I want to show with the energy method the uniqueness of the solution of the following initial and boundary value problem.
$\left\{\begin{matrix} u_{tt}=u_{xx}+f(x,t), & 0<x<L,t >0\\ u(x,0)=\phi(x), & 0 \leq x \leq L\\ u_t(x,0)=\psi(x), & 0 \leq x \leq L \\ u_x(0,t)-2u_t(0,t)=g(t) & , t \geq 0\\ u_x(L,t)+3u_t(L,t)=h(t), & t \geq 0 \end{matrix}\right.$
where $f: [0,L] \times [0,\infty) \to \mathbb{R}, \phi, \psi: [0,L] \to \mathbb{R}$ and $g,h: [0,\infty) \to \mathbb{R}$ given smooth and compatible with the problem functions.
I have supposed that the solution is not unique, i.e. that there are $u_1,u_2$ that satisfy the problem. Then $w=u_1-u_2$ satisfies the following problem
$\left\{\begin{matrix} w_{tt}=w_{xx}, & 0<x<L,t >0\\ w(x,0)=0, & 0 \leq x \leq L\\ w_t(x,0)=0, & 0 \leq x \leq L \\ w_x(0,t)-2w_t(0,t)=0 & , t \geq 0\\ w_x(L,t)+3w_t(L,t)=0, & t \geq 0 \end{matrix}\right.$
After making some operations, we get that
$$\frac{d}{dt} \left[ \frac{1}{2} \int_0^L (w_t^2+w_x^2)(x,t) dx\right]=-3w_t^2(L,t)-2w_t^2(0,t)$$
We set $E(t)=\frac{1}{2} \int_0^L (w_t^2+w_x^2)(x,t) dx$ as the energy of the system.
But how do we know that $\frac{1}{2} \int_0^L (w_t^2+w_x^2)(x,t) dx$ is positive?
Also why does $E(t)=0$ imply that $w_t^2+w_x^2=0$ ? Couldn't we also get elsewhise that $E(t)=0$?
$E(t)$ is an integral over a non-negative function, because $w_t^2 \geq 0$ and $w_x^2 \geq 0$ (squares!!), so $E(t) \geq 0$ must hold.

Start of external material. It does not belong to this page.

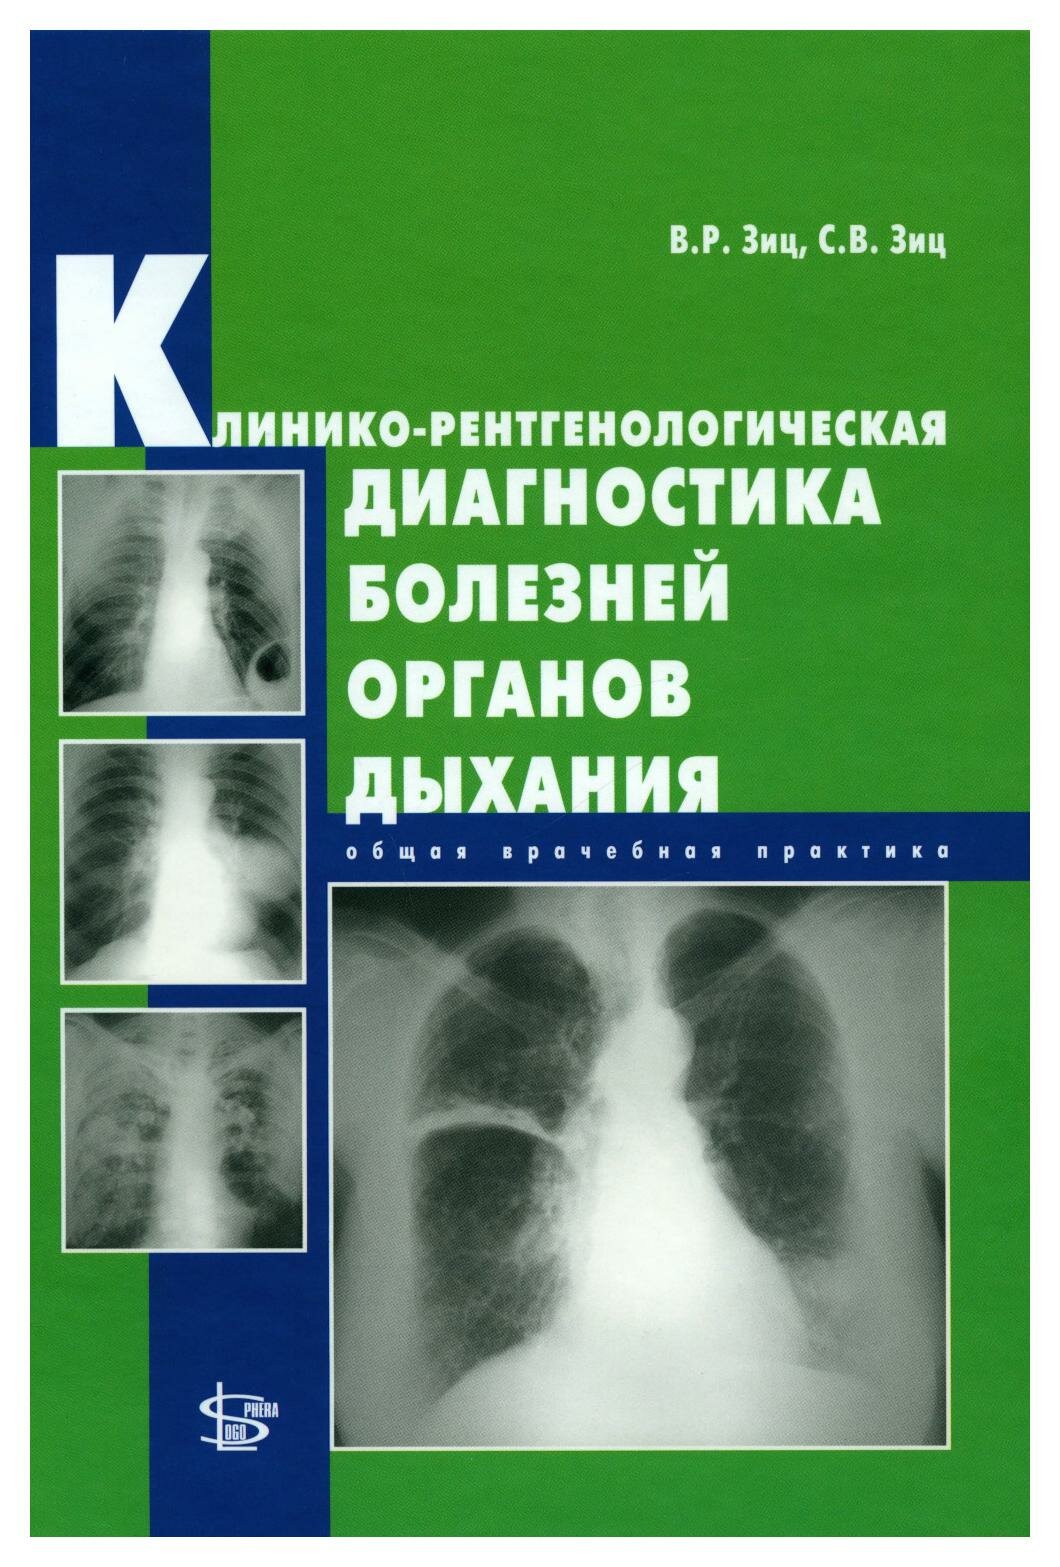 Клинико-рентгенологическая диагностика болезней органов дыхания: общая врачебная практика. Зиц В. Р, Зиц С. В. Логосфера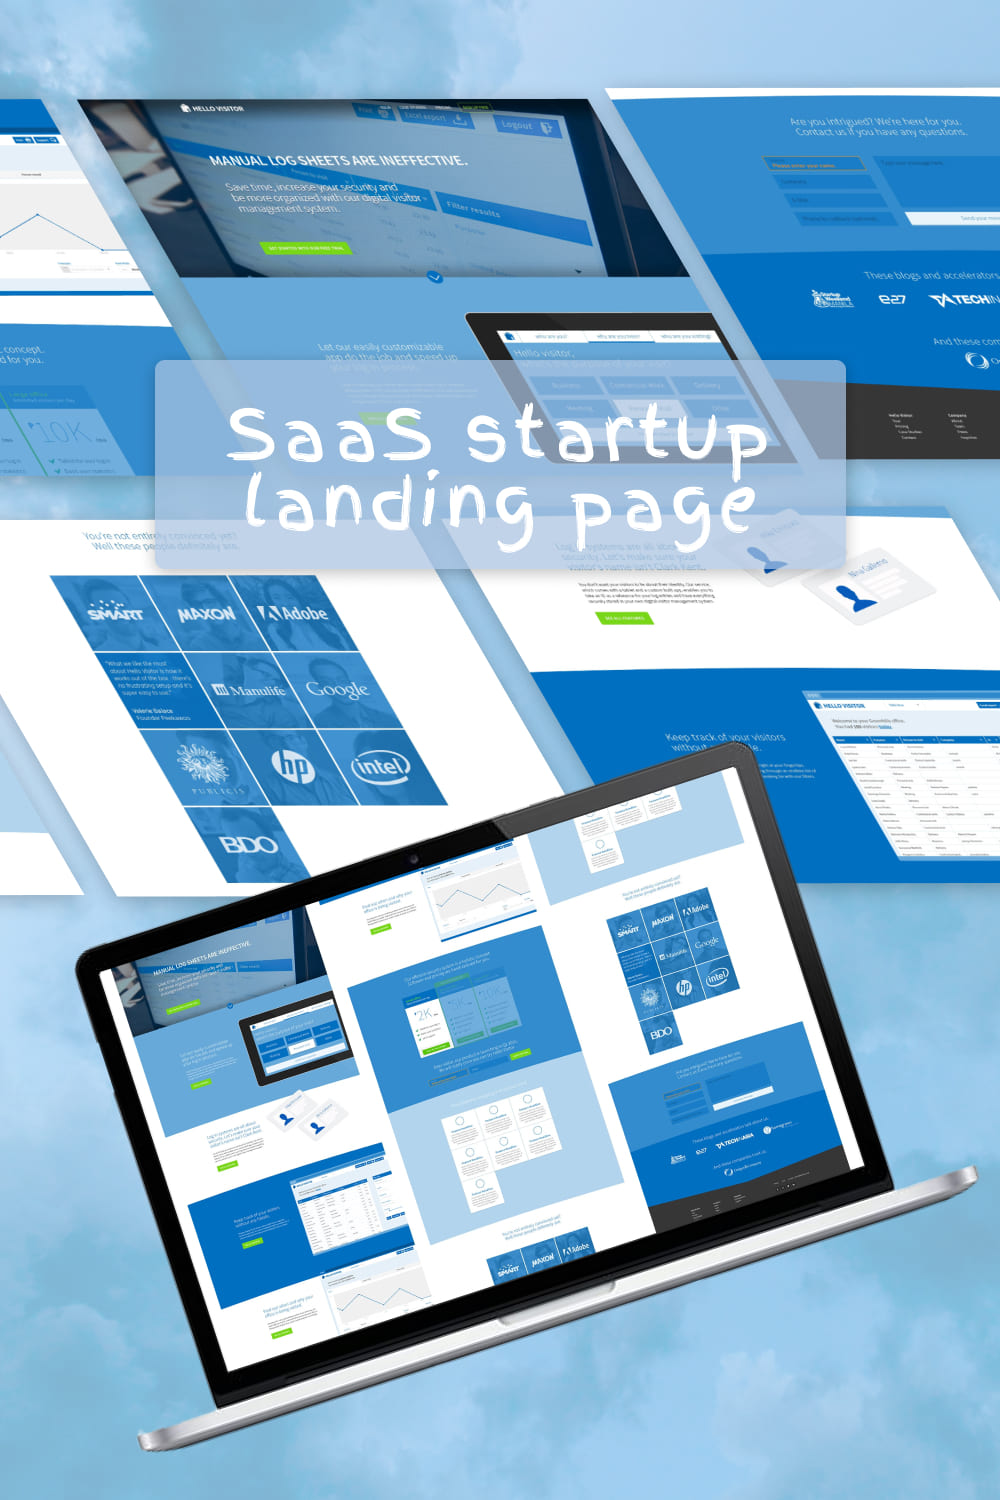 SaaS Startup Landing Page pinterest image.

The answer to the second question is also simple: If you have an integral over a non-negative function, and the integral is zero, also the function has to be zero almost everywhere. (Because, assume it would not be zero almost everywhere, then it cannot be negative, so it has to be positive on a set of measure greater than zero. But then, then integral can only be strictly larger than zero). These are both basic properties of the integral that you probably won't have to prove in detail.